Latest Vanguard Fee Cuts Further Distances Field

February 26, 2008

In the past four months, fund giant has reduced expenses at 18 diffferent ETFs.

If you're looking for exchange-traded funds to add, the pickings just got cheaper in many cases.

Earlier this month, Vanguard shaved its fees on four of its popular ETFs. Those were:

  • Growth ETF (AMEX: VUG), from 0.11% to 0.10%.
  • Value ETF (AMEX: VTV), from 0.11% to 0.10%.
  • Small-Cap Growth ETF (AMEX: VBK), from 0.12% to 0.11%.
  • Small-Cap Value ETF (AMEX: VBR), from 0.12% to 0.11%.

Also, the new Europe Pacific ETF (AMEX: VEA) wound up the year at 0.12%. The fund opened last July and was expected to assess expenses of around 0.15%.

"We originally estimated an annualized expense ratio at higher levels," said Rebecca Cohen, a Vanguard spokesperson. "But after the year closed out, expenses wound up being less than originally estimated."

While relatively tiny moves, the latest changes further distances Vanguard's ETF lineup from the pack. It also brings to 18 the number of different ETFs that Vanguard has cut expense ratios on within the past four months.

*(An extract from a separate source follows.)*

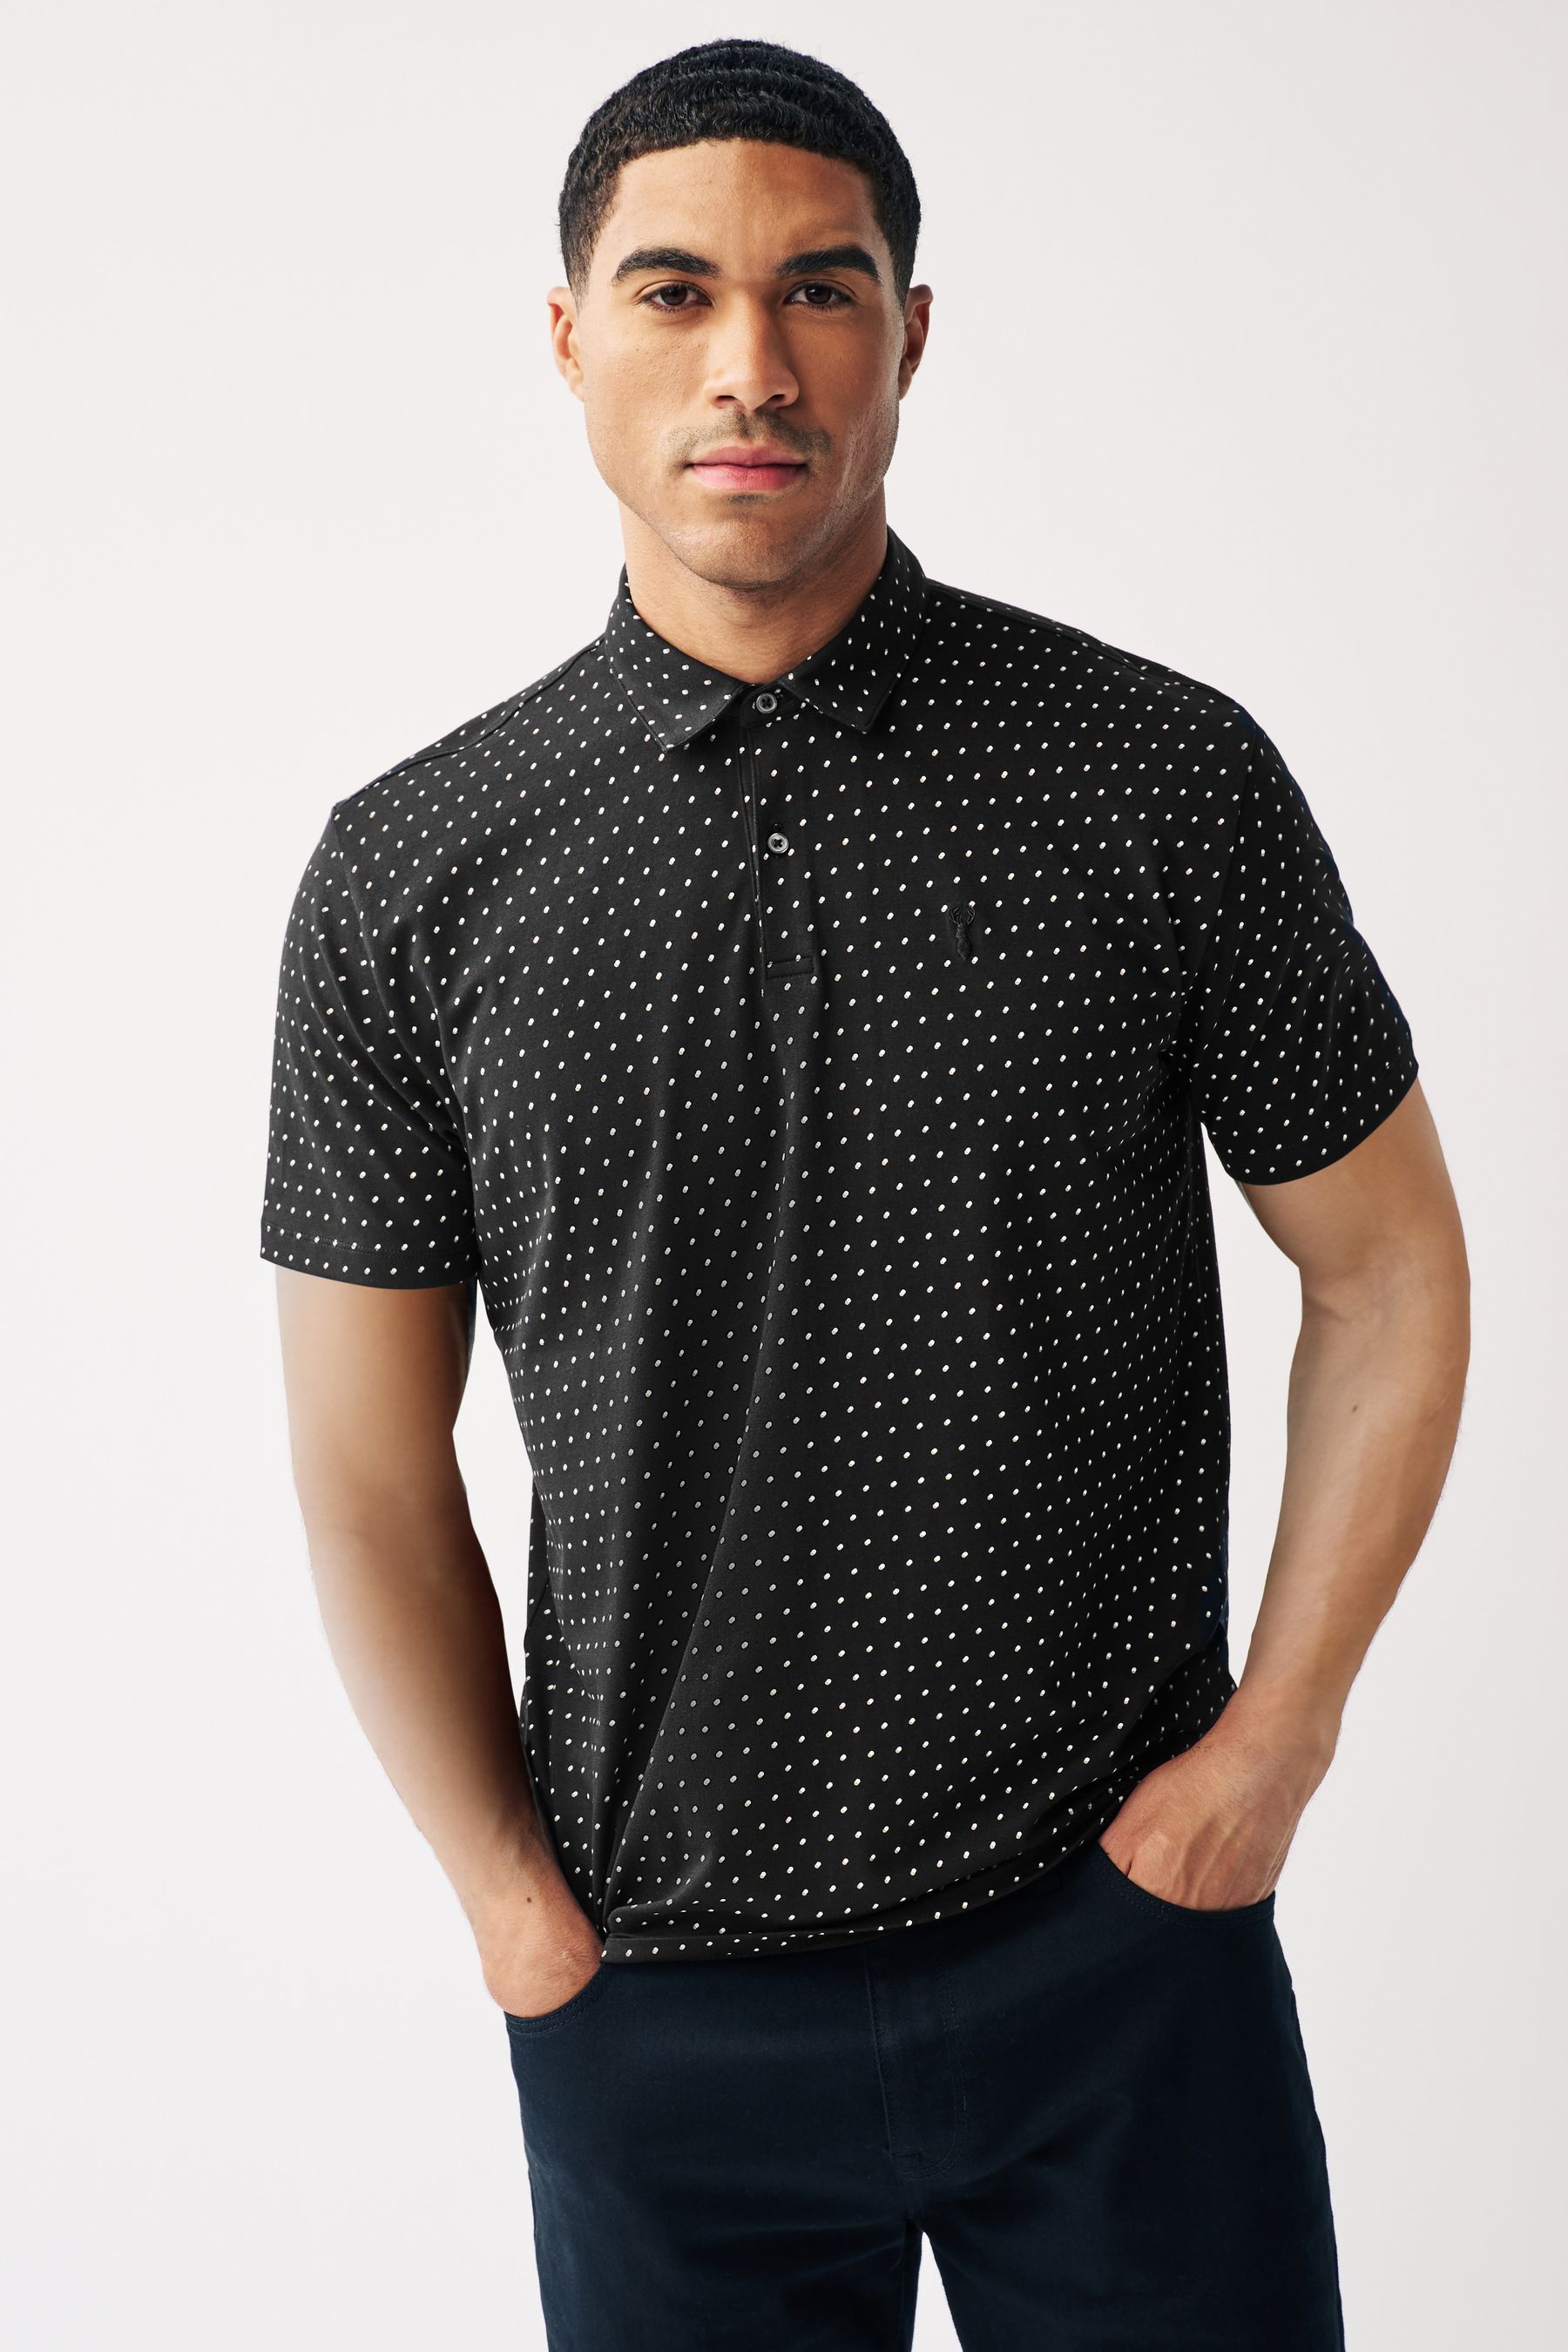 Buy Black Polka Dot Polo Shirt from the Next UK online shop
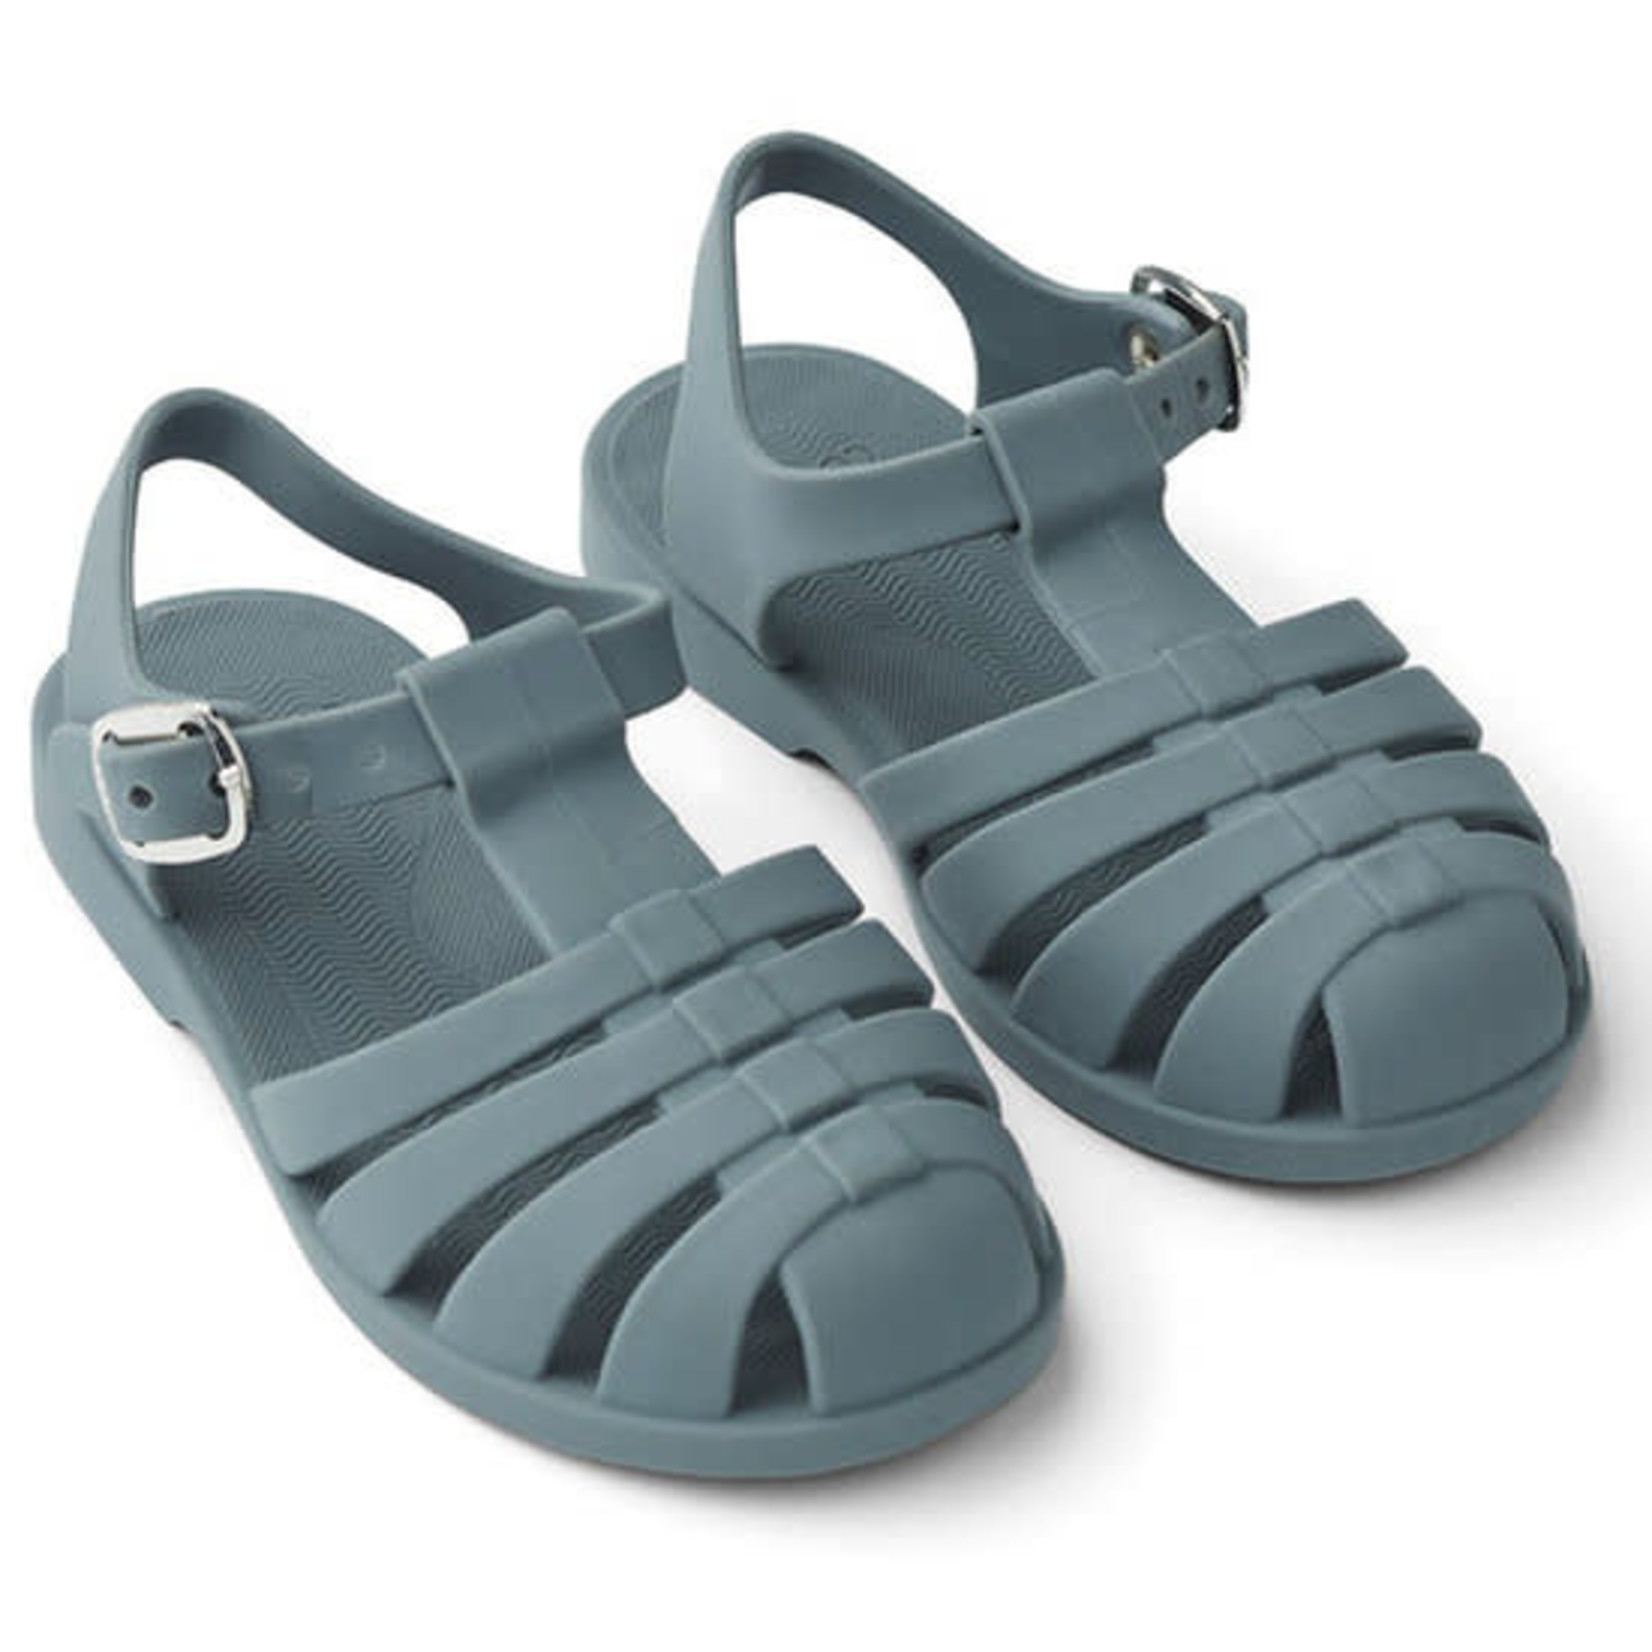 Liewood Liewood Bre sandals - Whale

The flurry of cost-cutting leaves Vanguard with an average expense ratio at 0.16%. Through year-end 2007, Lipper data showed an average ETF in the U.S. with an expense ratio of 0.53%.

"As ETFs grow in size, they generally become more efficient to run," said Vanguard in a statement.

As a shareholder-owned company, Vanguard says its "policy has always been to pass the savings from those efficiencies through to investors. The new expense ratios reflect the lower costs of managing these products."

Of the 16 large-cap value ETFs in IU's database, VTV remains the clear low-cost leader. In fact, the closest competitor in terms of expense ratios is Vanguard's Mega Cap 300 Value ETF (AMEX: MGK) at 0.13%. The next closest are the iShares S&P 500 Value (NYSE: IVE) at 0.18% and the iShares Russell 1000 Value (NYSE: IWD) at 0.20%.

In large-cap growth, VUG's 0.10% also faces another Vanguard fund as its closest rival. That's the Mega Cap 300 Growth ETF (AMEX: MGV) at 0.13%. The next lowest in expenses among the 13 listed are iShares S&P 500 Growth (NYSE: IVW) at 0.18% and iShares Russell 1000 Growth (NYSE: IWF) at 0.20%.

A similar cost trend shows up in small-cap ETFs. For example, Vanguard's VBR leads among 10 small-cap value funds with its nearest rivals both at 0.25% expense ratios. But the expense ratio difference widens considerably from that point.

The closest to VBR are iShares S&P 600 Small Value (NYSE: IJS) and iShares Russell 2000 Value (NYSE: IWN), both at 0.25%. But the rest of the field is spread out between the upper-30 basis points level through the mid-60s. The lone exception is the SPDR Dow Jones Wilshire Small Value ETF (AMEX: DSV) at 0.26%.

In October 2007, Vanguard reduced expenses at 10 sector- and foreign-focused ETFs. Those were:

  • Consumer Discretionary ETF (AMEX: VCR), to 0.22%.
  • Consumer Staples ETF (AMEX: VDC), to 0.22%.
  • Energy ETF (AMEX: VDE), to 0.22%.
  • Financials ETF (AMEX: VFH), to 0.22%.
  • Health Care ETF (AMEX: VHT), to 0.22%.
  • Industrials ETF (AMEX: VIS), to 0.22%.
  • Information Technology ETF (AMEX: VGT), to 0.22%.
  • Materials ETF (AMEX: VAW), to 0.22%.
  • Telecommunication Services ETF (AMEX: VOX), to 0.23%.
  • Utilities ETF (AMEX: VPU), to 0.22%.

In late November 2007, expense ratios at three Vanguard international ETFs were reduced. Those were:

  • Emerging Markets ETF (AMEX: VWO), from 0.30% to 0.25%.
  • European ETF (AMEX: VGK), from 0.18% to 0.12%.
  • Pacific ETF (AMEX: VPL), from 0.18% to 0.12%.